这实际上完全取决于数字的含义以及这个距离函数在您的上下文中是否有意义。
I would suggest looking at the Pancake Problem and the reversal distance of the permutations. These algorithms are often used to find the distance between two permutations (the Identity and the permuted string). This distance measure should take into account more clumps of in order values, as well as reversals (monotonically decreasing instead of increasing subsequences). There are also approximations that are polynomial time[PDF].

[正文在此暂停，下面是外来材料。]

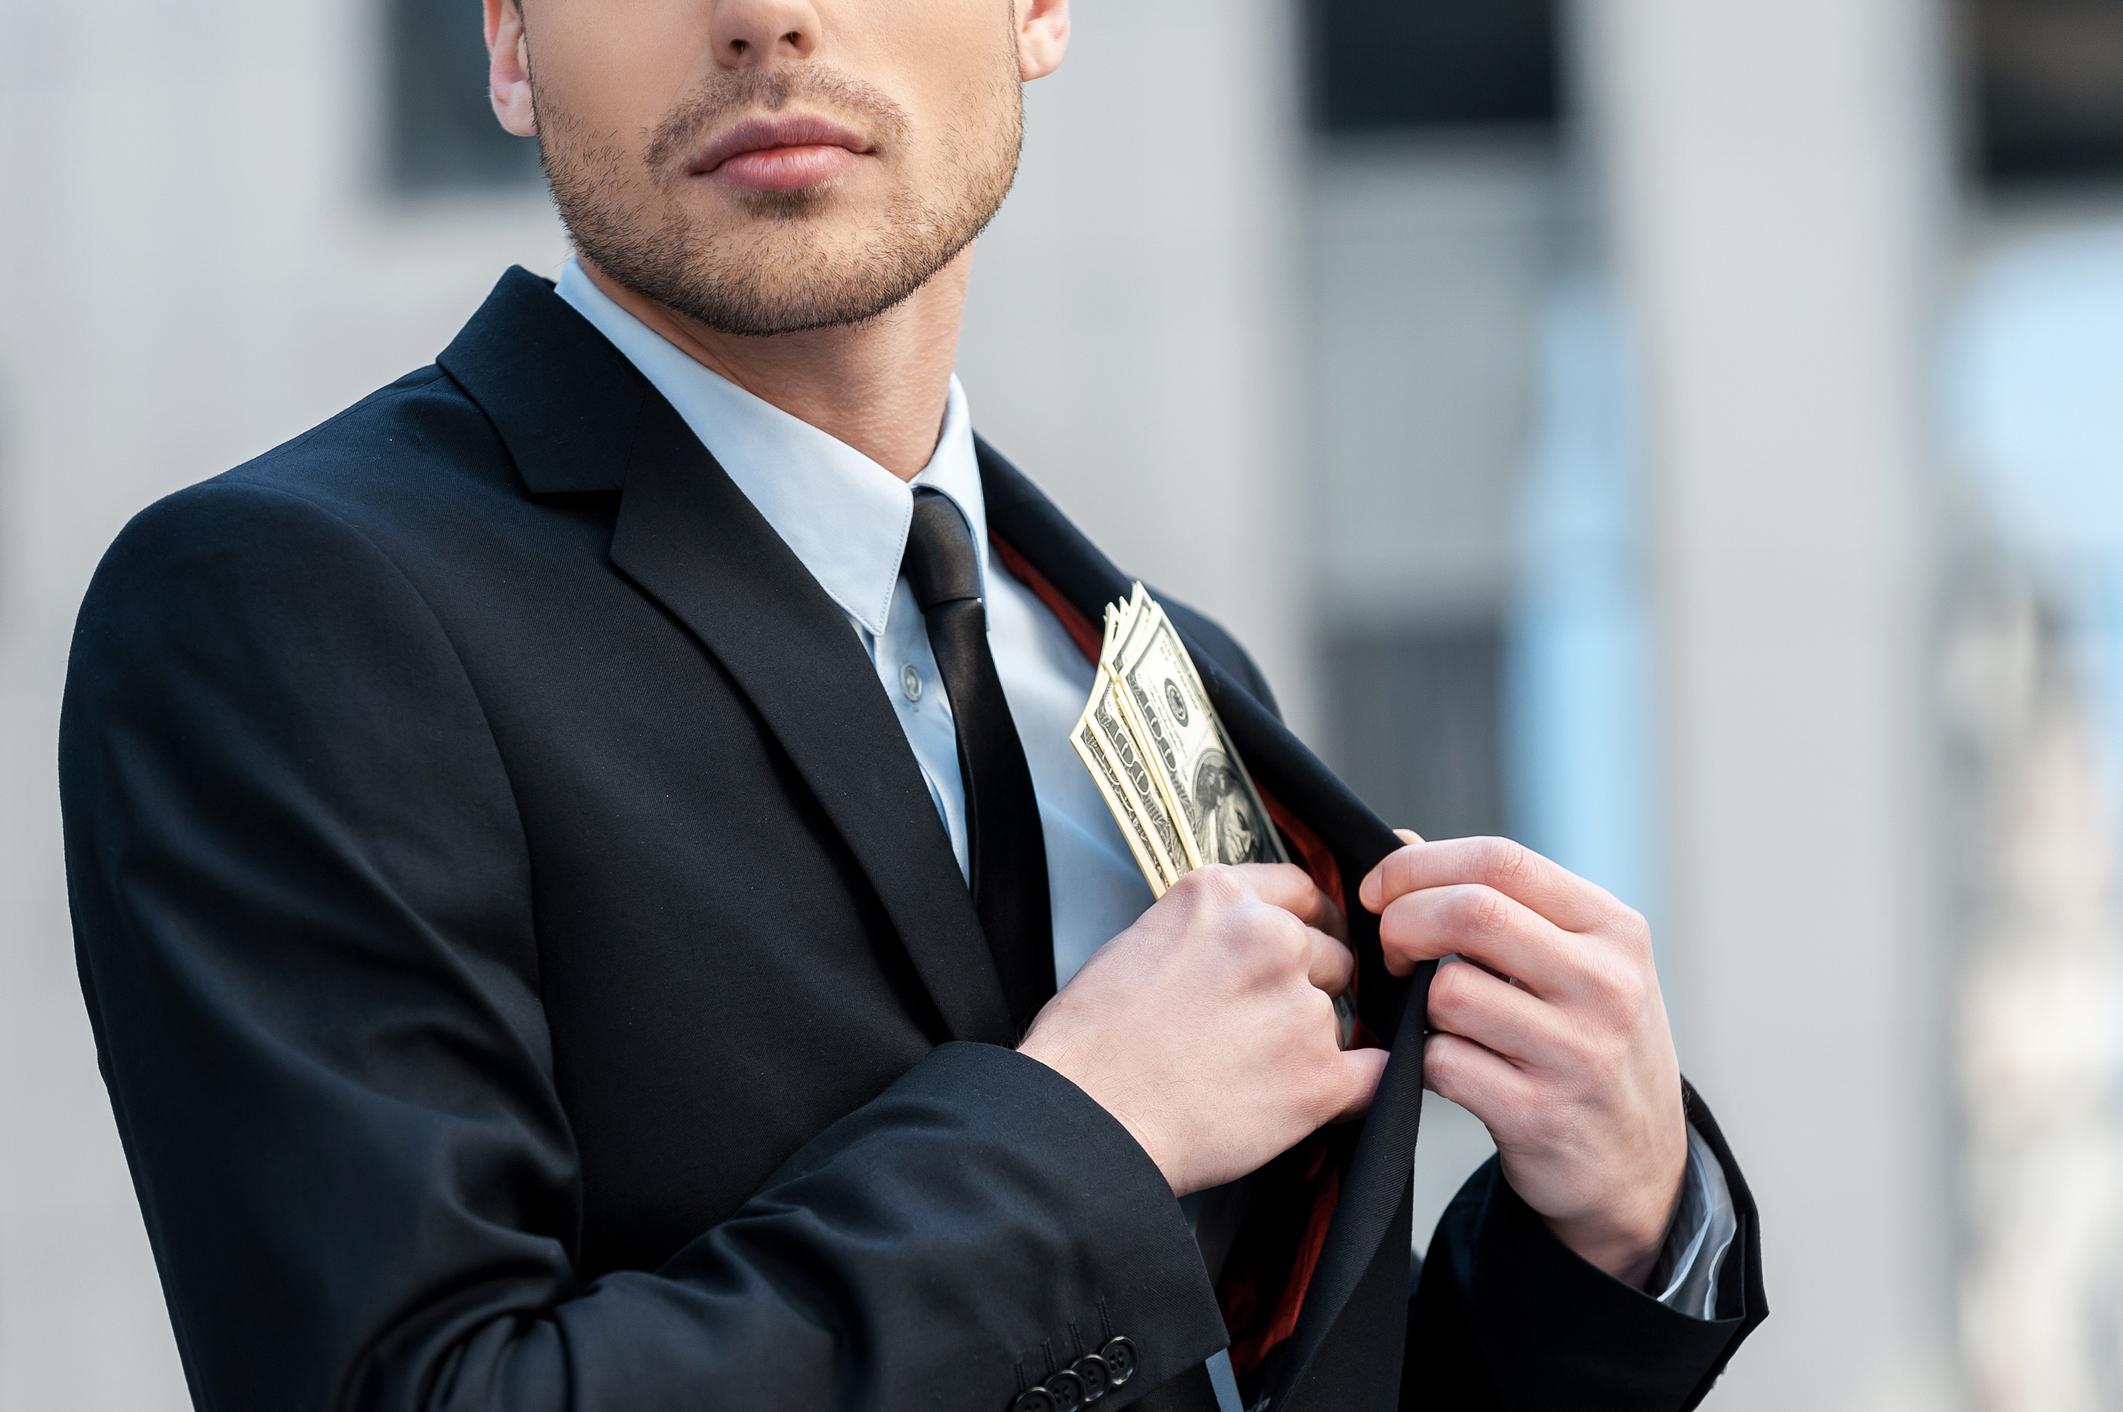 Man in suit stashing cash in coat pocket.
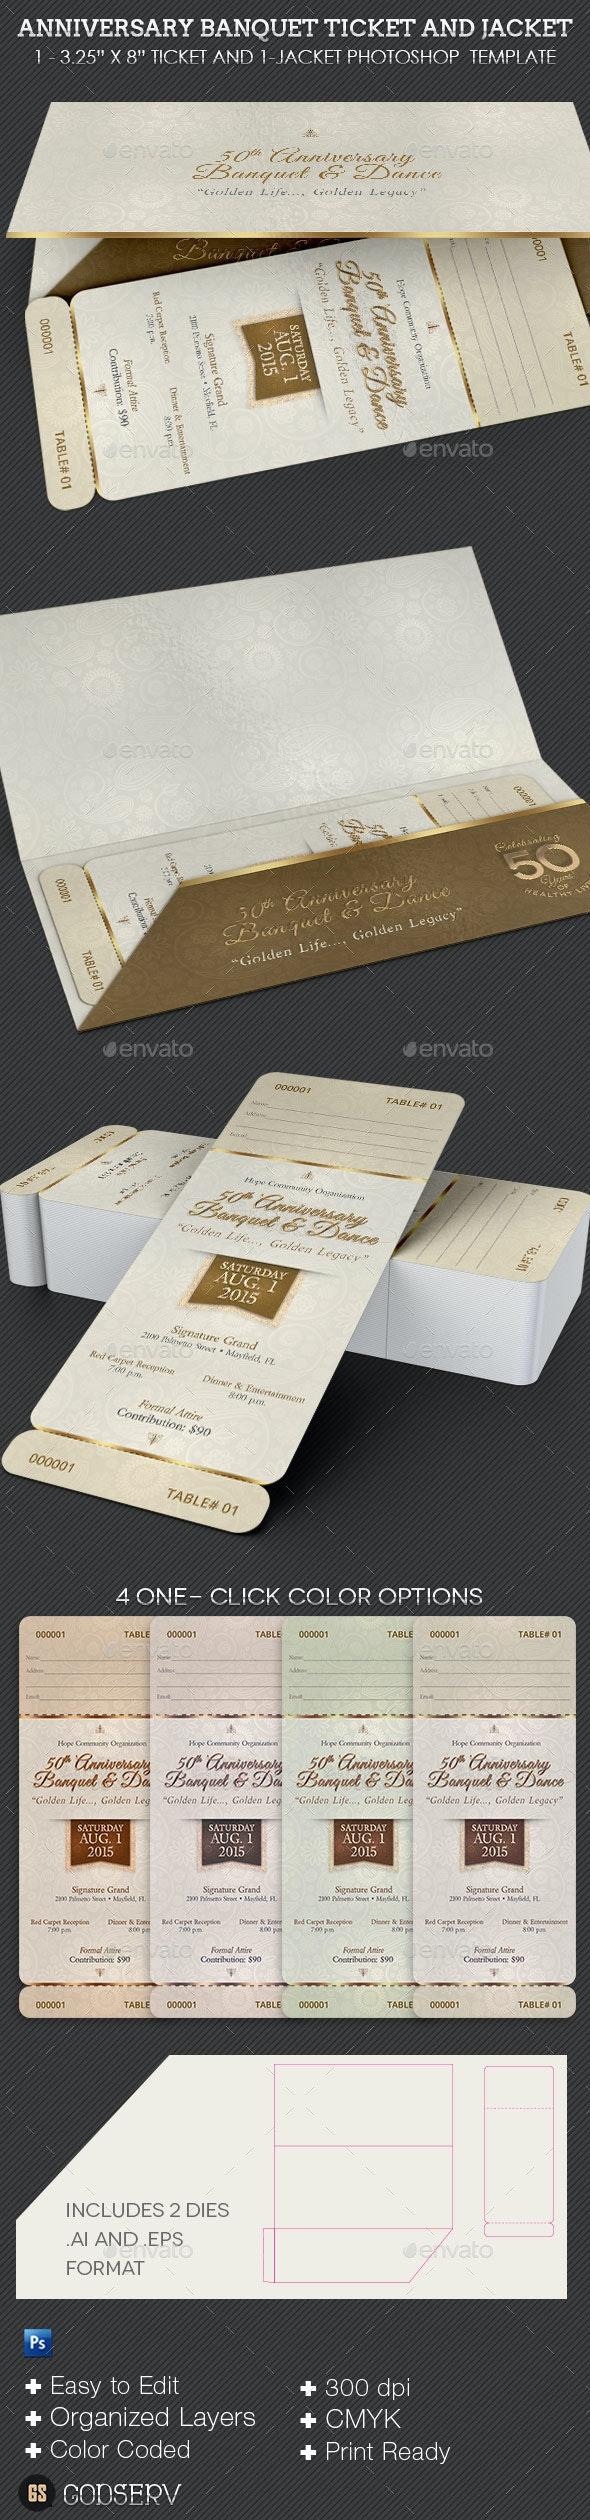 Anniversary Banquet Ticket Plus Jacket Template - Miscellaneous Print Templates

It really all depends on what the number means and if this distance function makes sense in your context though.
我有同样的问题(单调性评分),我建议你尝试最长递增子序列。最高效的算法运行时间为
O(n log n),还不错。以问题为例,
{4, 5, 6, 0, 1, 2, 3, 7, 8, 9}的最长递增序列是{0, 1, 2, 3, 7, 8, 9}(长度为 7)。也许它比运行时间最长的排序算法更好(70%)。I have the same problem (monotonicity scoring), and I suggest you to try Longest Increasing Subsequence. The most efficient algorithm run in
O(n log n), not so bad.Taking example from the question, the longest increasing sequence of
{4, 5, 6, 0, 1, 2, 3, 7, 8, 9}is{0, 1, 2, 3, 7, 8, 9}(length of 7). Maybe it rate better (70%) than your longest-sorted-run algorithm.这在很大程度上取决于您打算使用该度量来做什么,但一种简单的方法是将数组输入标准排序算法并测量排序需要完成多少次操作(交换和/或比较)数组。
It highly depends on what you're intending to use the measure for, but one easy way to do this is to feed the array into a standard sorting algorithm and measure how many operations (swaps and/or comparisons) need to be done to sort the array.
使用修饰符 Ratcliff & 进行的一些实验Obershelp
就这样完成了它需要做的事情。但不太确定如何证明这一点。
Some experiments with a modifier Ratcliff & Obershelp
So kind of does what it needs to. Not too sure how to prove it though.